Corporate Australia’s crocodile tears

Corporate Australia’s crocodile tears. By Damian Coory.

Having sat on their hands while liberalism was annihilated in Australia, our corporate leaders are reportedly in shock at the news we have a Treasurer and Prime Minister determined to drive the greatest central control of our economy since the Whitlam era.

Spare me. …

The only business people who will suffer are — as always — small business, tradies, and the self-employed. The segment that employs more than half the nation’s workers, pays most of the tax, and is by far the most productive.

Those who enjoy the comforts and hide in the cracks of incompetence and inefficiency that riddle large organisational structures, will remain untouched, whether they’re public servants or corporate bureaucrats. Not only won’t they feel any pain from the Albo-Chalmers’ socialist ego trip, they’ll benefit from it.
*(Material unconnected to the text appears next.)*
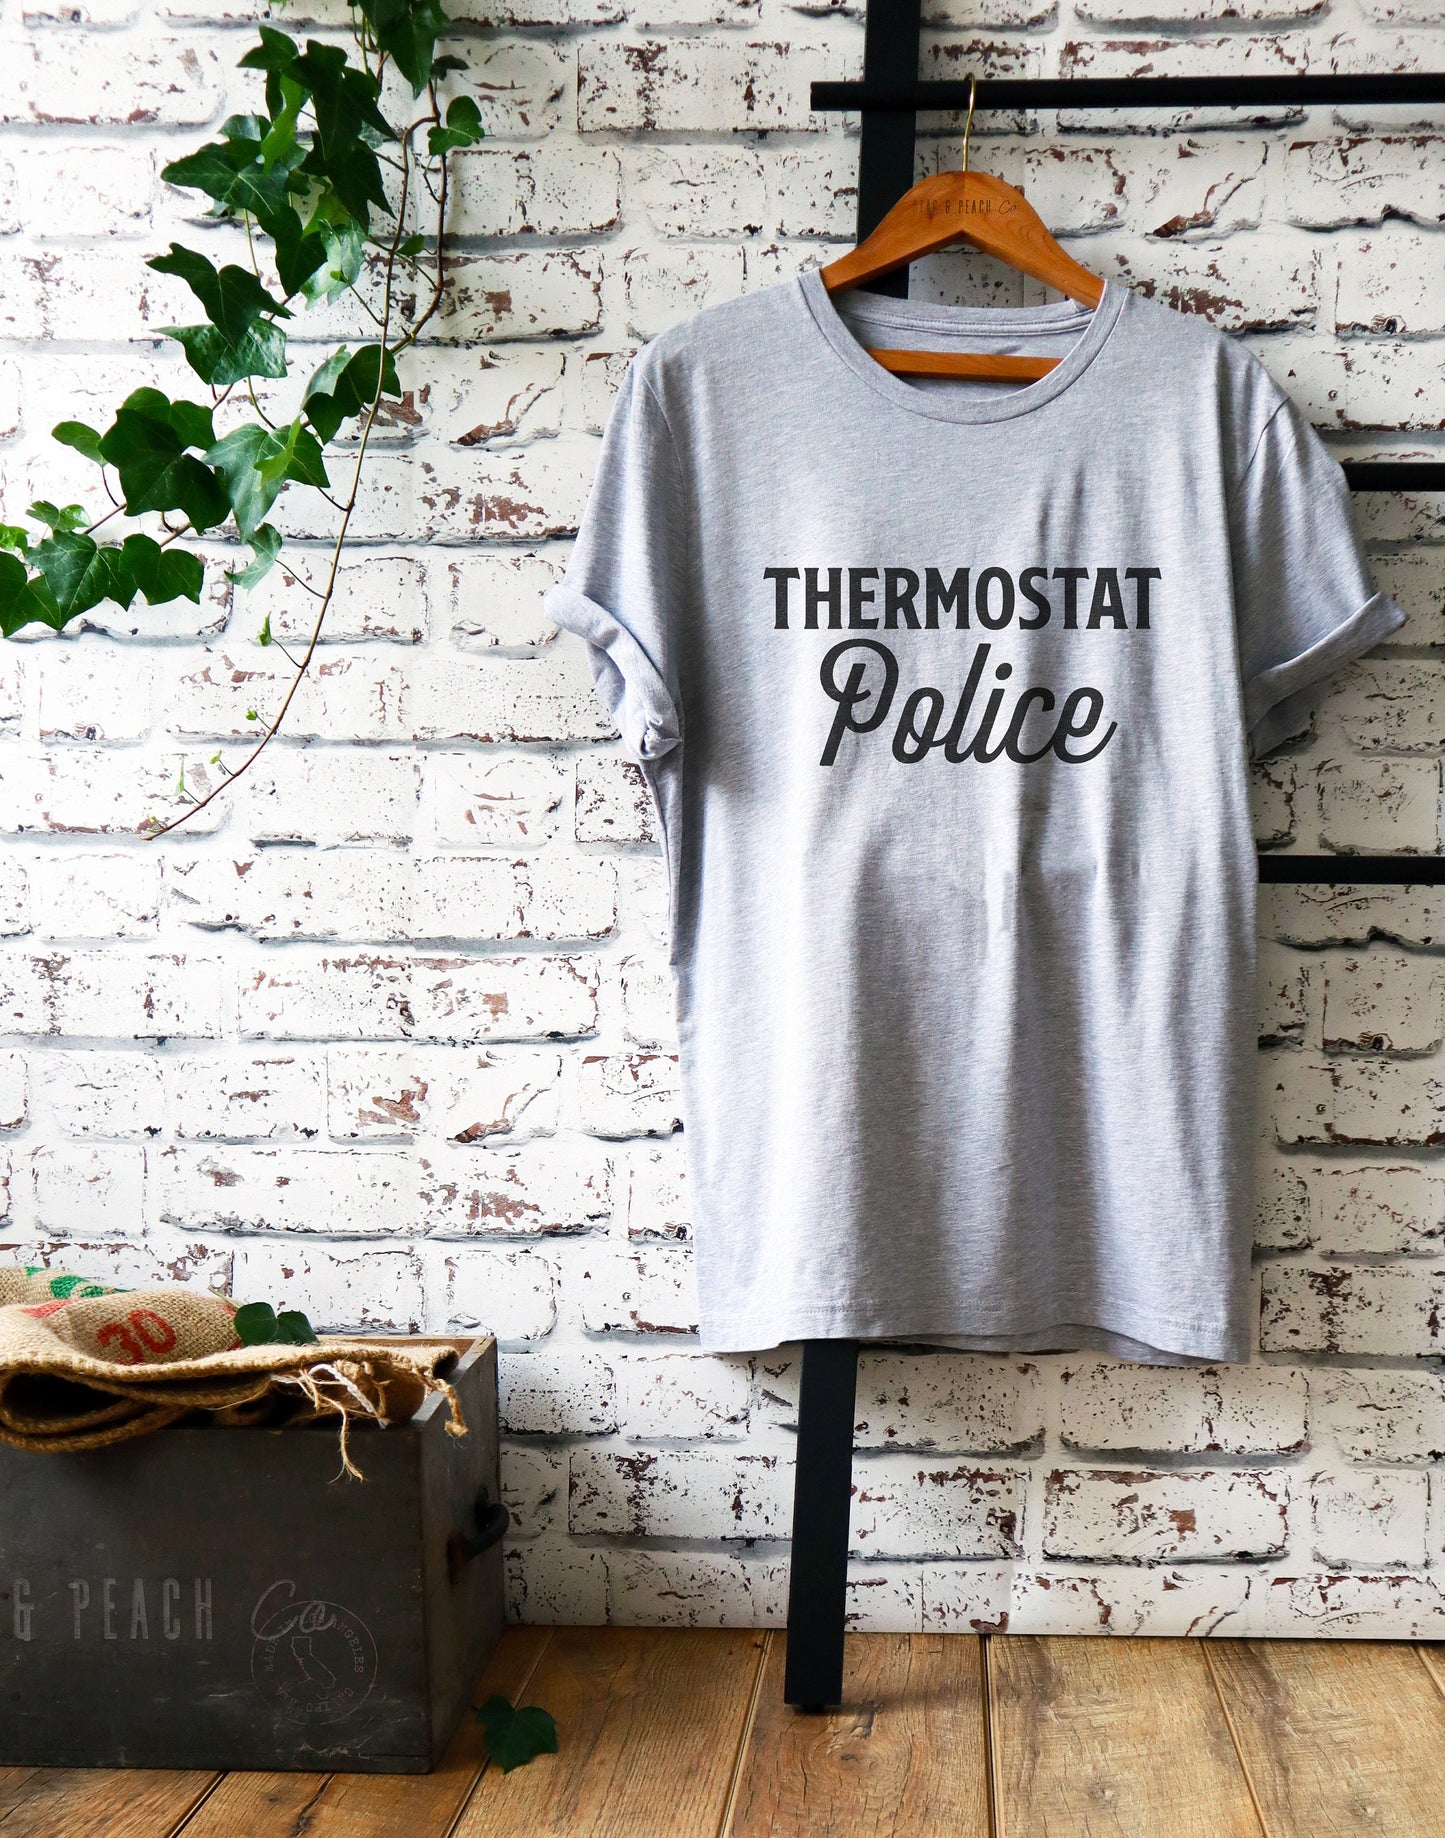 Thermostat Police Shirt/Tank Top/Hoodie - Dad Shirt, Dad Gift, Funny Dad Shirt, Fathers Day Gift, Funny Dad Gifts, Grandpa Shirt, Papa Shirt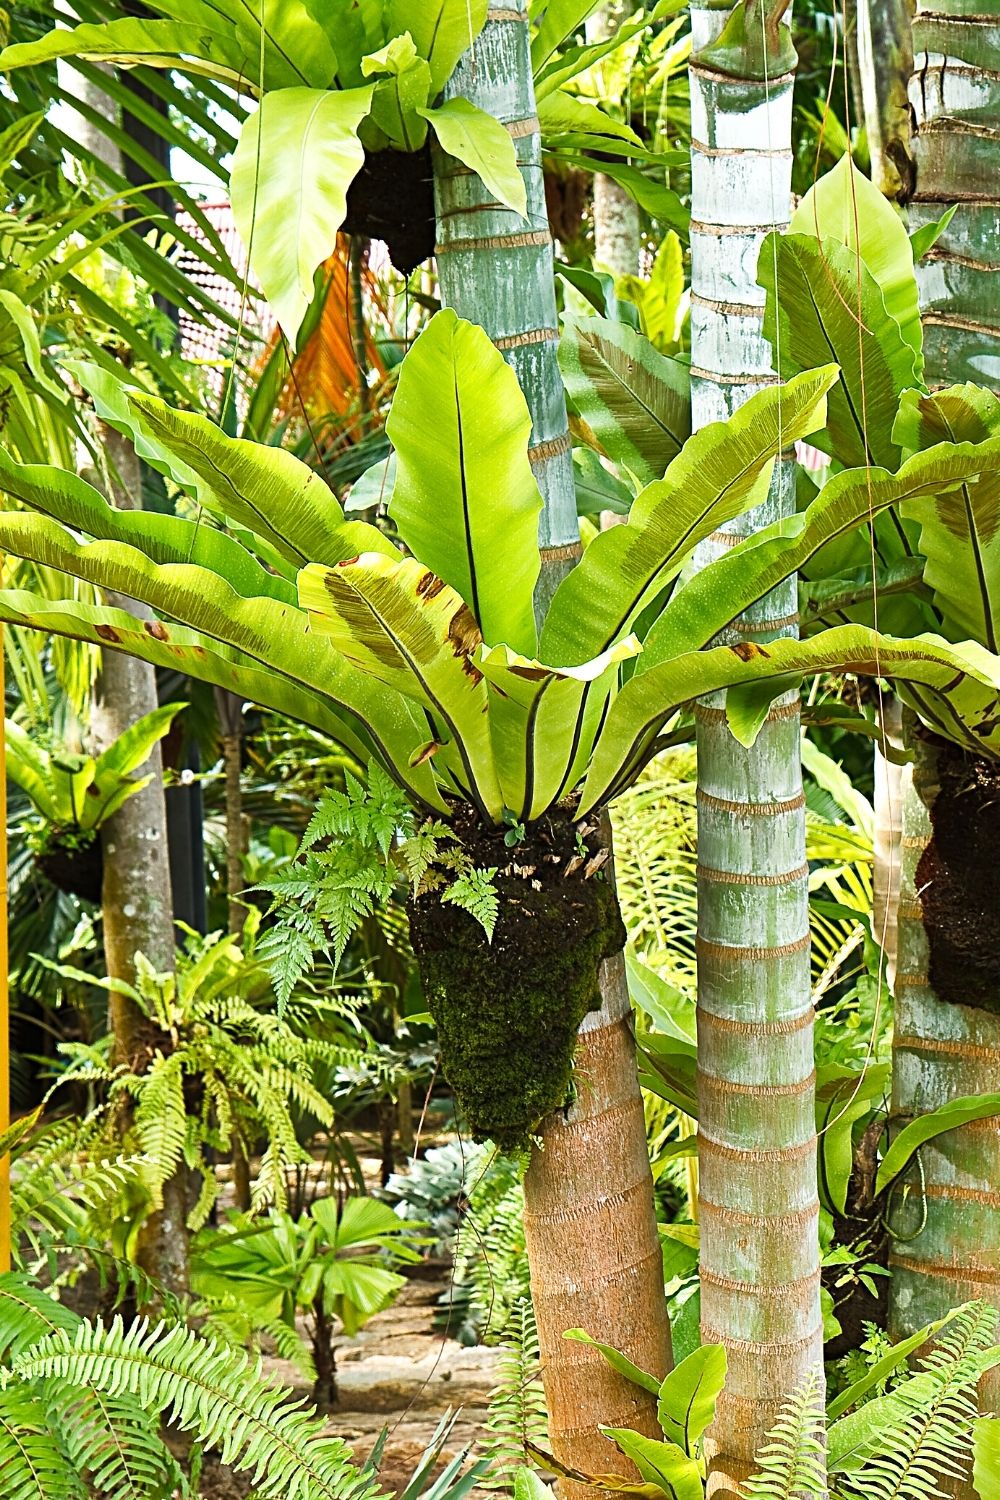 Bird's nest fern is one of the most common ferns that are propagated as houseplants, which makes it perfect to grow in a terrarium

Hence bullets made of cotton wool are being fired from the organisations that claim to speak for private enterprise.

Large business hates small business. Small business represents the people who were good enough at their jobs and confident enough to walk away from the ‘machine’ to make it on their own two feet. They provide services and products more efficiently and more cheaply and often with a much better attitude than big business could ever hope to. The only way big business can win is to tie them up in bureaucracy. Red and green tape that is designed to suffocate…

Big corporations, both global and domestic, love it when big government talks about regulation. They know that only they have the size and scale to absorb the ridiculous waste inherent in meeting all the increased administrative requirements and paperwork and approvals that big government regulation brings in the name of ‘fairness’ and ‘safety’. Admin is toxic to small business and owner-operators. Every minute stuck behind a computer doing admin is one less minute spent doing the job that adds real value. Since most of that stuff is done ‘after hours’ it’s time stolen from small business peoples’ family and social lives too. Often too big a price to pay for many. …

Has he thought this through?

Went straight from his PhD in Canberra into politics. No private sector experience.

Jim Chalmers’ 600-word manifesto (+5,400 words of insufferable undergraduate-level waffle) promises a ‘new sustainable finance architecture which will rate the climate impact of different investments’.

The 44-year-old boy from Logan, who holds a PhD in political science but has never run a business, is sure that where 20th century leftist leaders dramatically failed, he will succeed.

Jim Chalmers can ‘fix capitalism’, according to … Jim Chalmers.

Good government:

Somebody forgot to tell Jim that capitalism works best when you don’t try to ‘fix’ it, but lightly regulate its excesses and then leave it alone.

Benefits of the free market come from the ‘free’ bit. Leave the market to do its thing, and innovation will thrive, inefficient operators will fail and die out, those who add the most value will flourish, competition will drive profit margins and prices down, and everyone benefits.

It’s inherently democratic — millions of people making millions of tiny decisions daily — leading almost always to the best outcomes.

Good government doesn’t seek to change that. Good government seeks only to lightly regulate where the market fails, which is usually where competition is lost to monopoly, or adverse consequences require some standards to be set and policed, to ensure a level playing field.

Good government is a referee, but Jim and his ilk want to play the game. And they want to play in every position on the field all at once, happy to sideline the Ronaldos and Maradonas while they do so. What could possibly go wrong?

Our education system has been run by lefties for a couple of decades, and most are too old to remember Whitlam’s economic problems, so here we are in Australia about to learn the lesson again.